News (Media Awareness Project) - CN ON: Wire: Ottawa's Marijuana Maven Puts Brakes on Distribution |
Title: | CN ON: Wire: Ottawa's Marijuana Maven Puts Brakes on Distribution |
Published On: | 2003-01-14 |
Source: | Canadian Press (Canada Wire) |
Fetched On: | 2008-01-21 14:36:40 |
OTTAWA'S MARIJUANA MAVEN PUTS BRAKES ON DISTRIBUTION PROPOSAL: DOCUMENTS
(CP) - The chief of Ottawa's medical marijuana program has been putting the
brakes on a Health Canada proposal that would give needy patients direct
access to government dope.
A newly released document shows that Cindy Cripps-Prawak has been fighting a
proposed policy shift that would deliver government-certified marijuana to
chronically ill Canadians. Currently, Health Canada will provide its
standardized marijuana only to accredited researchers, who would then
dispense it to select patients in clinical trials.

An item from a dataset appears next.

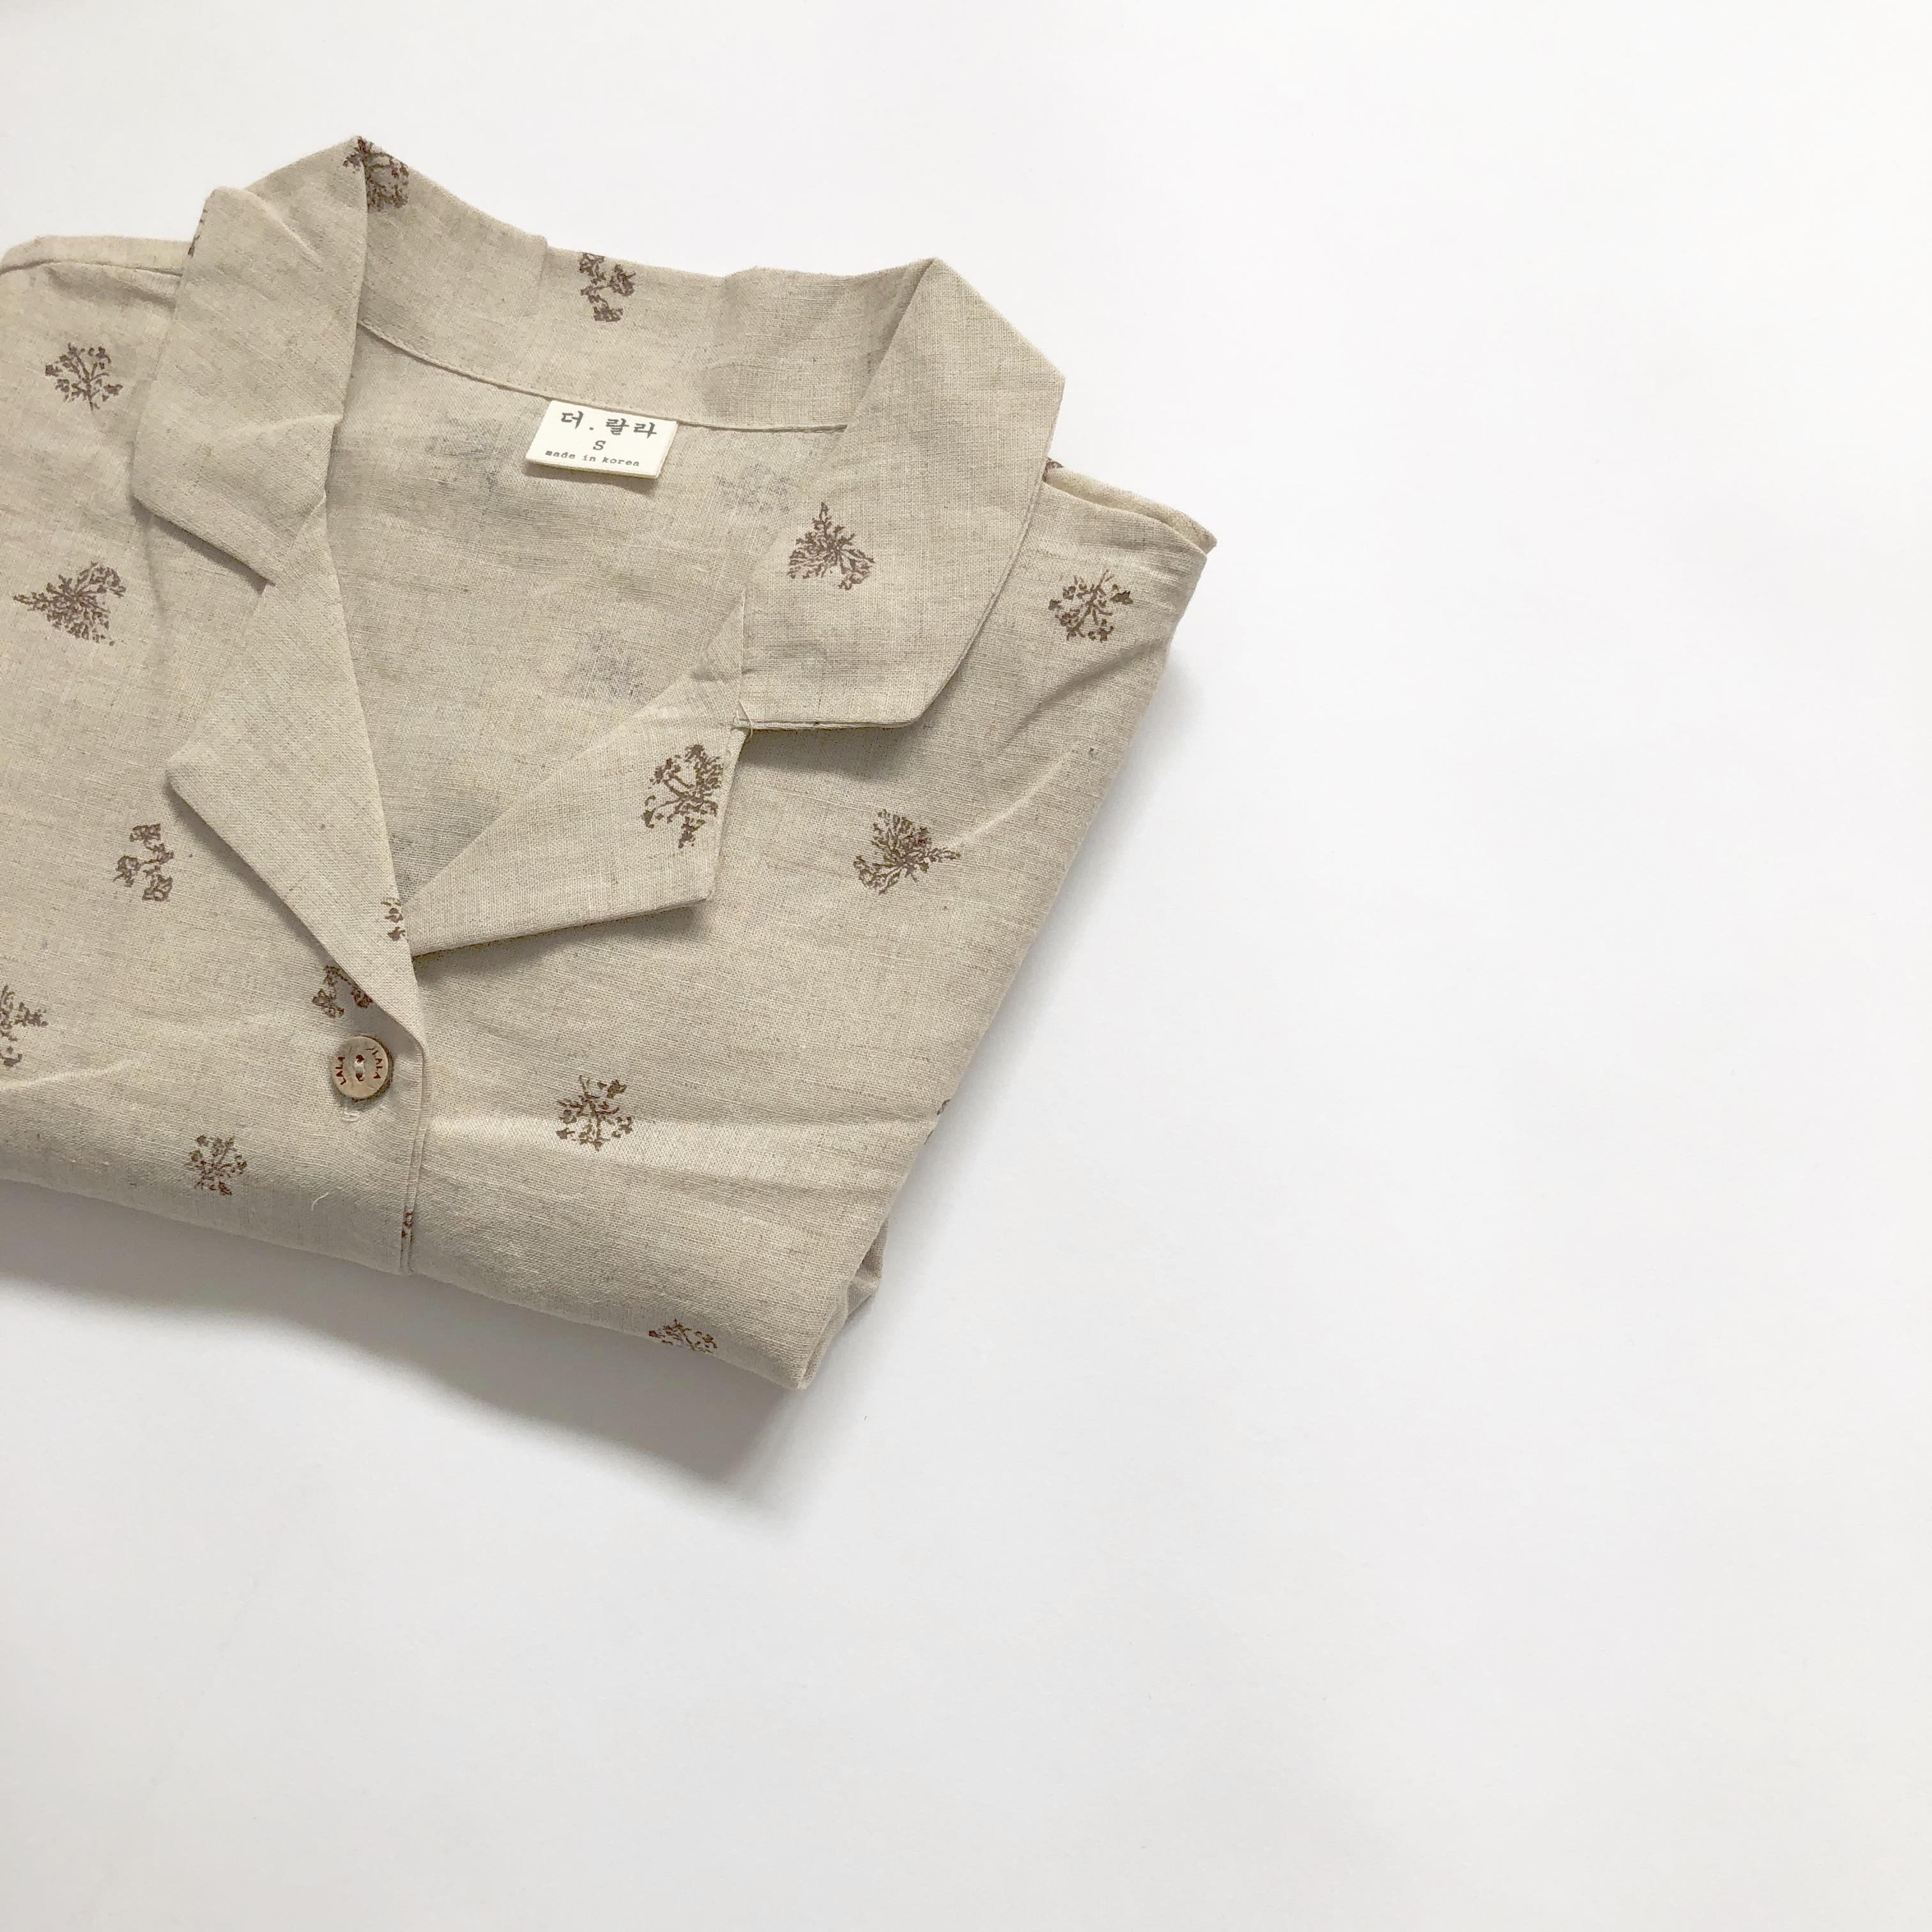 〈 207 〉Allium shirt

Patients not enrolled in such trials can seek federal authorization to
possess marijuana to alleviate symptoms - but they have to get the stuff on
their own from the street. They can also grow it from seeds or have someone
else do it for them.
Street dope, which can vary wildly in quality, is not legal though
authorized patients can legally smoke it.
A document released under the Access to Information Act shows that Health
Canada policymakers are looking to end that conundrum through a major policy
shift that would provide government marijuana directly to approved patients.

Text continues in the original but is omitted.